ServiceNow has patched a critical vulnerability in its AI Platform that allowed unauthenticated users to impersonate others and execute arbitrary actions. The flaw, identified as CVE-2025-12420, had a severe CVSS score of 9.3 out of 10.0, indicating a high risk of exploitation. The company addressed the issue with a security update on October 30, 2025, for most hosted instances and provided patches to partners and self-hosted customers.
The vulnerability, discovered by Aaron Costello, Chief of SaaS Security Research at AppOmni, was reported in October 2025. While ServiceNow has confirmed the fix, there is no current evidence of the vulnerability being exploited in the wild. However, users are strongly advised to apply the necessary security updates promptly to safeguard their systems against potential threats.
ServiceNow AI Platform Vulnerability Addressed
The critical security flaw, CVE-2025-12420, resided within the ServiceNow AI Platform. According to ServiceNow’s advisory, the vulnerability “could enable an unauthenticated user to impersonate another user and perform the operations that the impersonated user is entitled to perform.” This means an attacker could potentially gain unauthorized access to sensitive information and perform actions as if they were a legitimate user, with elevated privileges.
ServiceNow moved swiftly to rectify the situation once the vulnerability was identified. A comprehensive security update was deployed to the majority of its hosted instances, effectively mitigating the risk for a large number of users. Furthermore, the company collaborated with its partners and provided patches to customers who manage their own ServiceNow environments, ensuring a broad application of the fix.
Affected Software Versions and Fixes
The security update specifically addresses CVE-2025-12420 in two key components of the ServiceNow AI Platform: Now Assist AI Agents and the Virtual Agent API. Customers utilizing these services should ensure they are running the following patched versions or later:
- Now Assist AI Agents (sn_aia) – 5.1.18 or later, and 5.2.19 or later
- Virtual Agent API (sn_va_as_service) – 3.15.2 or later, and 4.0.4 or later
Applying these updates is crucial for preventing unauthorized access and potential data breaches. Users are encouraged to verify their current version and apply the relevant patch without delay.

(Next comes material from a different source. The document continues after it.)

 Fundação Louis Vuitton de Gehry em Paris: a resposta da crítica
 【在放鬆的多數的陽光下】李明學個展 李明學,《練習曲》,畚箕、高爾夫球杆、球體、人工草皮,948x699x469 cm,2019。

Previous Security Concerns with ServiceNow’s AI Offerings
This recent disclosure follows another significant security revelation regarding ServiceNow’s AI capabilities. Just two months prior to the announcement of CVE-2025-12420, AppOmni had highlighted concerns about potential exploitation of default configurations within ServiceNow’s Now Assist generative AI platform. At that time, malicious actors were reportedly capable of leveraging the platform’s agentic features to execute second-order prompt injection attacks.
These attacks could have allowed unauthorized actions, including the exfiltration of sensitive corporate data, modification of existing records, and escalation of user privileges. The potential for such sophisticated attacks underscores the importance of robust SaaS security practices and diligent oversight of AI platform configurations.
The discovery and subsequent patching of CVE-2025-12420 demonstrate the ongoing efforts by both security researchers and ServiceNow to maintain the integrity of their platform. As AI technologies continue to evolve and integrate into core business processes, the focus on securing these advanced capabilities becomes paramount. Organizations must remain vigilant, regularly update their software, and implement stringent security protocols to protect against emerging threats.
Looking ahead, the successful patching of this critical vulnerability is a positive step. However, the SaaS security landscape is constantly changing, and users of ServiceNow and other AI platforms should anticipate continued diligence in identifying and addressing potential weaknesses. The industry will likely see increased scrutiny on AI functionalities and their associated security implications, with ongoing updates and best practice advisories expected from platform providers and security firms alike.